Com potencial cosmético, o umbu (Spondias tuberosa) pode ser utilizado em cremes antissinais e antienvelhecimento, assim como para controle de diabetes. Segundo a pesquisadora Márcia Vanusa, qualquer parte dessa planta tem alto potencial antioxidante. “Ela poderia ser investigada para diferentes preparações cosméticas, sendo ingrediente bioativo de antissinais ou antienvelhecimento. Nos chamou tanta atenção essa ação antioxidante do umbu, que começamos a fazer experimentos com outra patologia em que a ação antioxidante é importante: a diabetes. Começamos a induzir em ratos diabéticos para ver se havia a redução da glicemia.
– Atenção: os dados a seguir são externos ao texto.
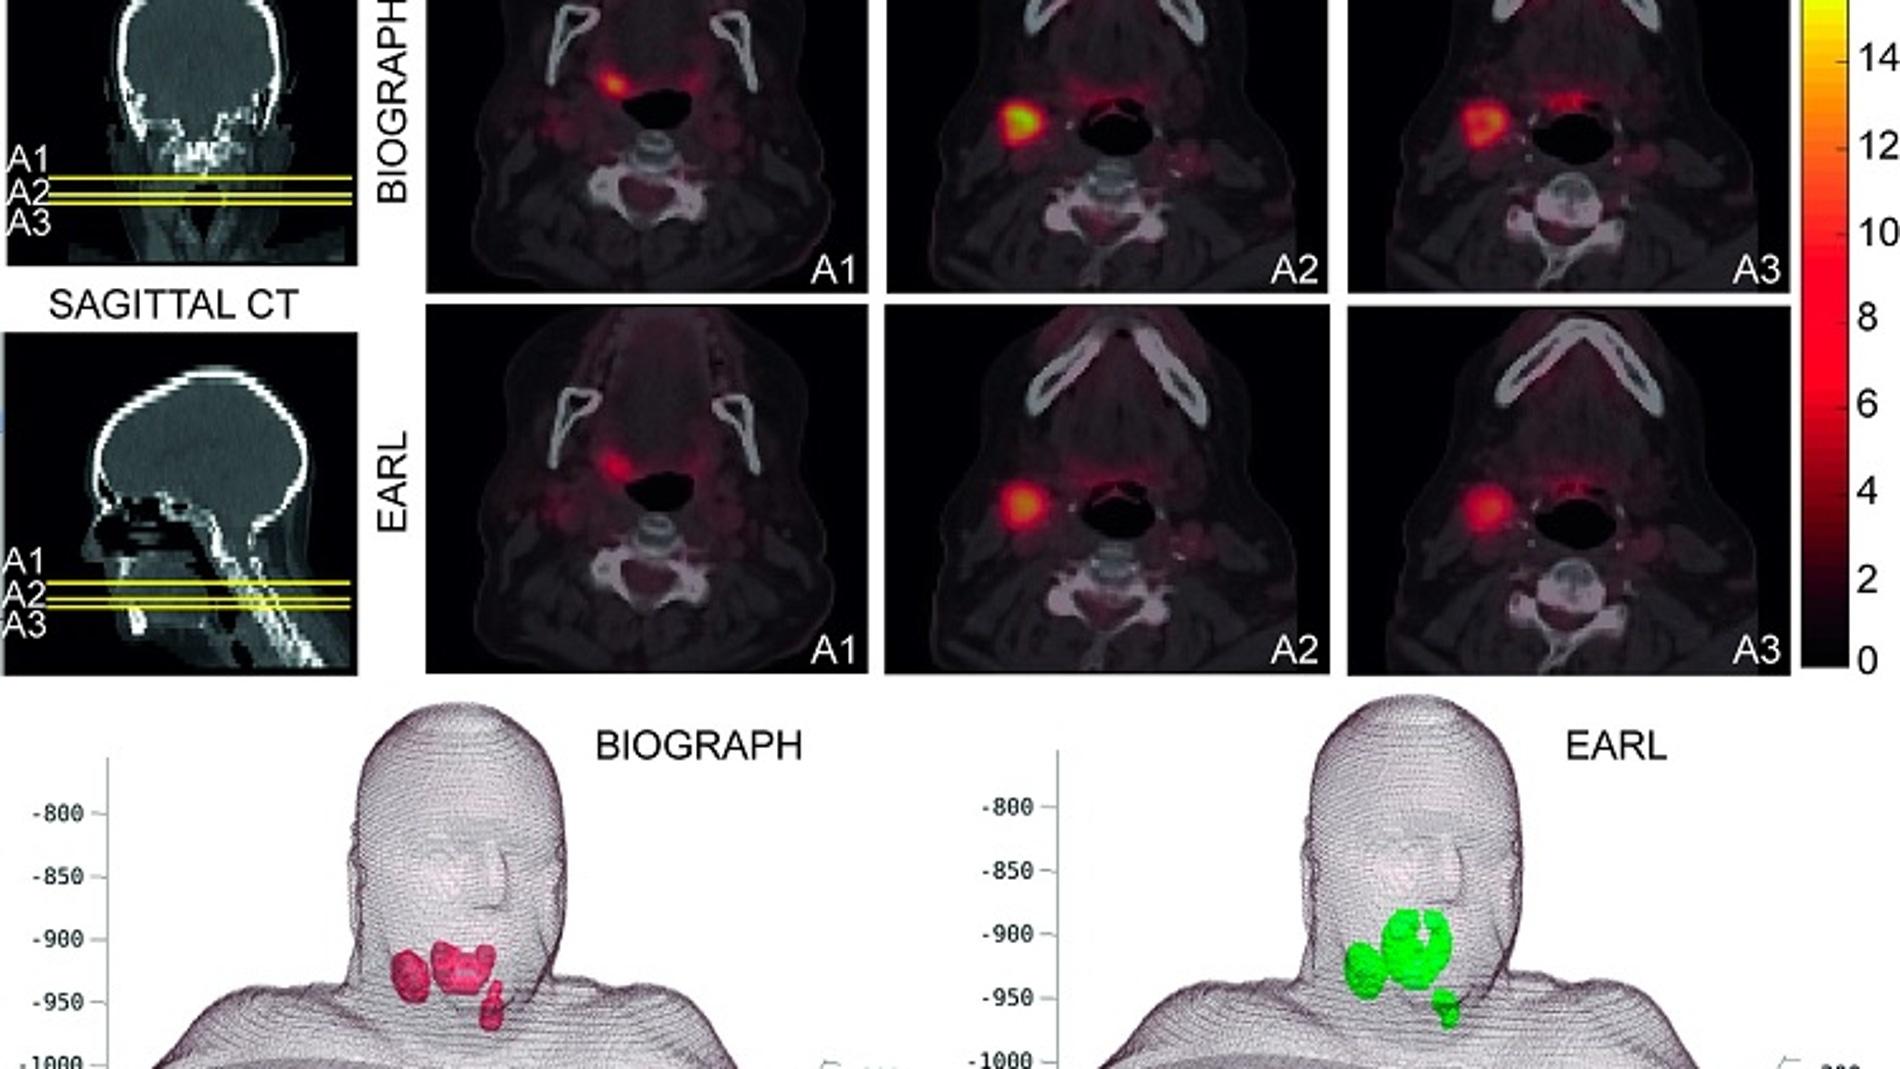 La radioterapia a medida mejorara los tratamientos contra el cancer

Esse trabalho ainda não foi publicado, mas foi positivo e reduziu a glicose“, comemorou.
O próximo passo é conseguir a patente dos produtos desenvolvidos. No Brasil, a patente da biodiversidade é proibida, mas é possível patentear o produto e a tecnologia, como um novo cosmético, fármaco ou inseticida. Já estão em estudo as patentes de uma pomada ginecológica, um inseticida contra o mosquito da dengue e um novo antibiótico contra bactérias hospitalares. Para a pesquisadora Márcia Vanusa, é preciso ter políticas públicas de desenvolvimento de viveiros dessas espécies, porque esse bioma tem um potencial inesgotável.
“O trabalho que estamos fazendo é só uma pequena mostra disso. Que sejam desenvolvidos arranjos produtivos, para que a gente tenha possibilidade de desenvolvimento na região com empresas interessadas em explorar essas plantas nessas comunidades.”
Ela também destacou a necessidade de avançar com esse trabalho em outros estados do semiárido até para comprovar se o uso das plantas é feito da mesma maneira pelas comunidades ou se elas são utilizadas para outras finalidades, que ainda não foram descritas.
O projeto também foi apresentado para a uma empresa de cosméticos, já que existem muitas plantas com potencial hidratante. “Seria extremamente vantajoso para a indústria cosmética, que teria um selo de exclusividade de utilização da flora brasileira. Mostramos alguns potenciais dessas plantas, com destaque para o licuri ou ouricuri, que é um coquinho endêmico da Caatinga. Comprovamos que o óleo extraído dessa planta é hidratante, anti-inflamatório e antimicrobiano.”
Desde janeiro de 2017, os pesquisadores estão retornando às cidades visitadas para fazer oficinas nas escolas e apresentar o resultado das pesquisas. “Isso é muito importante para trazer para população essa educação pela conservação, para que eles não destruam essas plantas. O alvo principal é a educação dos mais jovens, para que a criação de empregos seja gerada com o conhecimento deles mesmos. Atualmente, não há transferência desse conhecimento para os mais jovens por diversas razões, porque a farmácia está muito perto, pela falta de interesse, ou por achar que o conhecimento popular não tem grande importância”, lamentou a pesquisadora do Insa.